A useful comparison is to line up the total monthly cost and the total cash needed upfront. With a low-deposit mortgage on a full purchase, you typically have one main monthly payment (the mortgage), plus insurance and maintenance. With Shared Ownership, you usually have a mortgage payment plus rent, and often a service charge. The result can be that Shared Ownership reduces the deposit hurdle but not necessarily the monthly outgoings.

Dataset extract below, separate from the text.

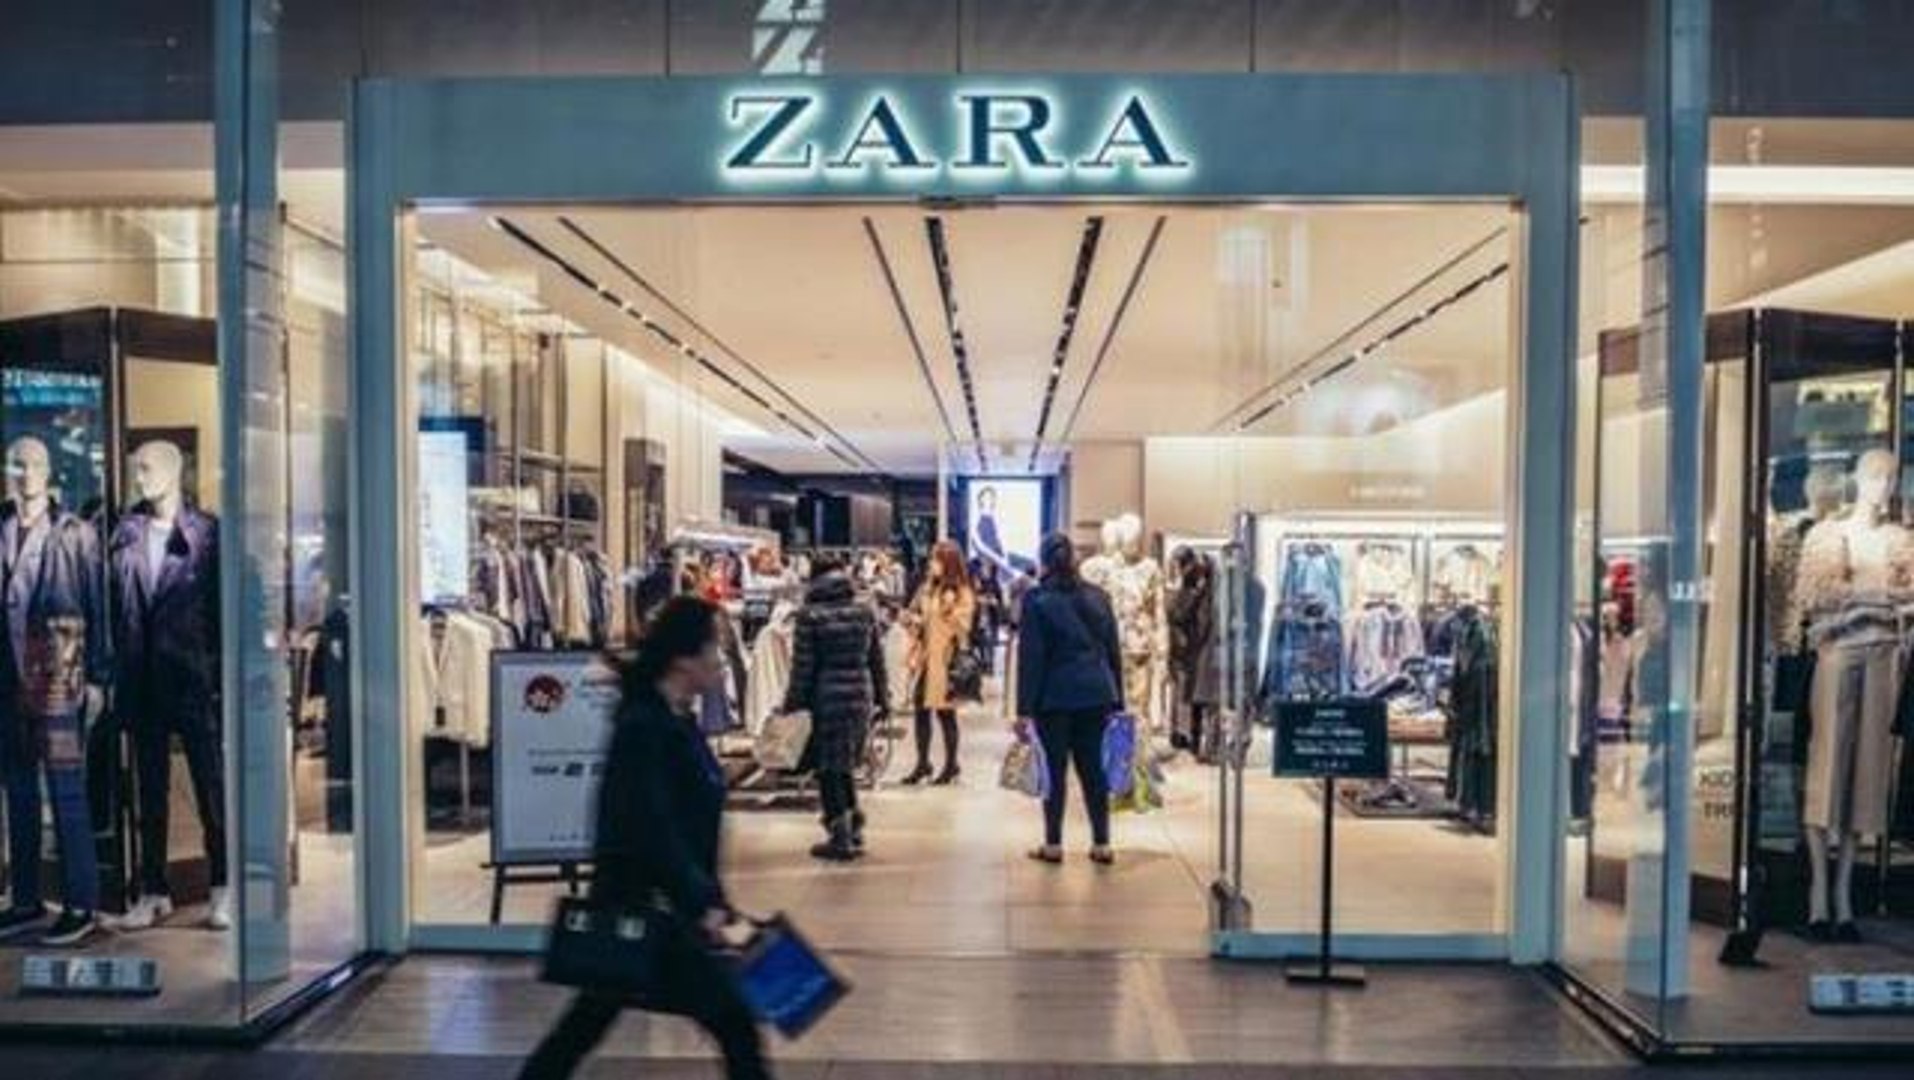 Ünlü giyim mağazası ZARA, ekmeği ayaklar altına alarak reklam yaptı! Sosyal  medya ayaklandı - Dailymotion Video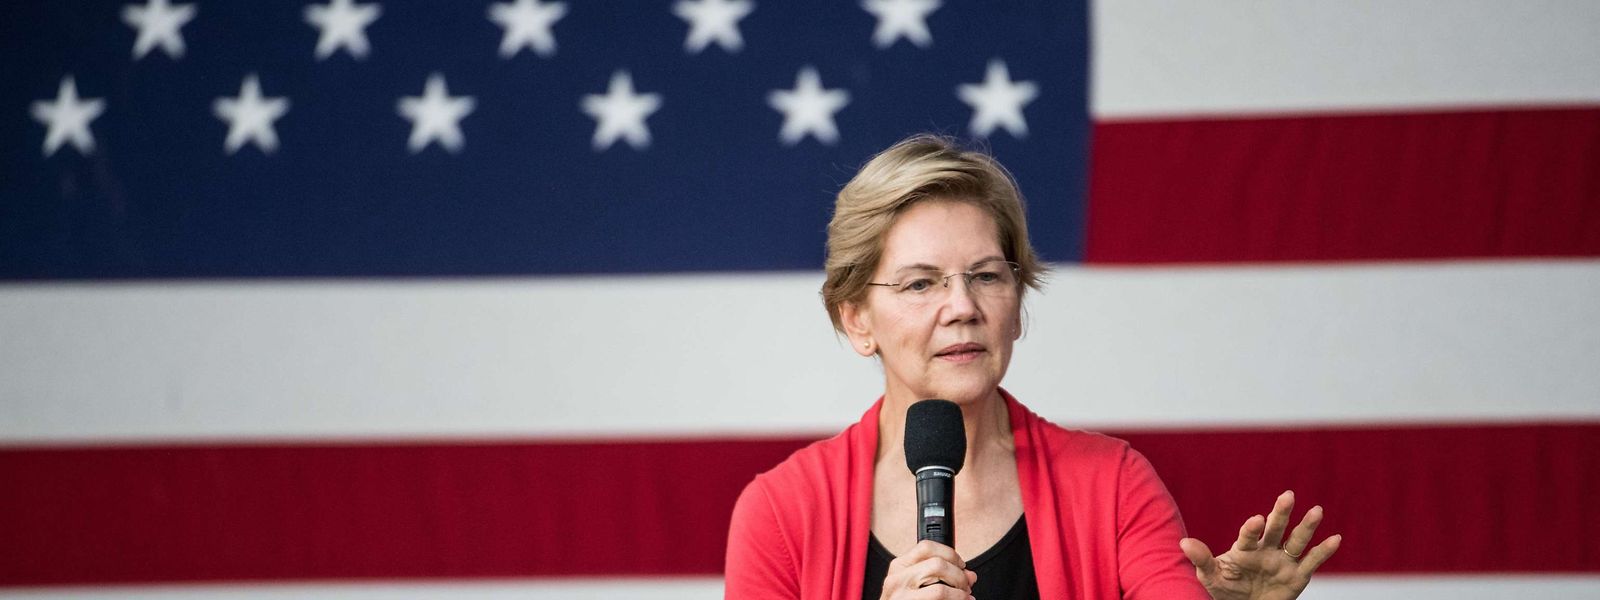 Die Senatorin und Harvard-Professorin Elizabeth Warren möchte für die Demokraten ins Rennen um das Weisse Haus gehen.

Also compare flexibility and exit routes. A standard purchase usually lets you sell on the open market without nomination periods, whereas Shared Ownership can involve additional steps. On the other hand, if you cannot access a suitable mortgage for the full property value, Shared Ownership may be the only realistic route to buying in your area. When comparing, ask for a full written breakdown of rent review terms, service charge history, and staircasing rules, then stress-test your budget for increases.

Shared Ownership can reduce the upfront deposit barrier, but it replaces some of that upfront challenge with a more layered set of ongoing costs and conditions. If you treat it as its own housing model rather than a discounted version of full ownership, you are more likely to make a decision that fits your budget, your timeline, and your tolerance for complexity.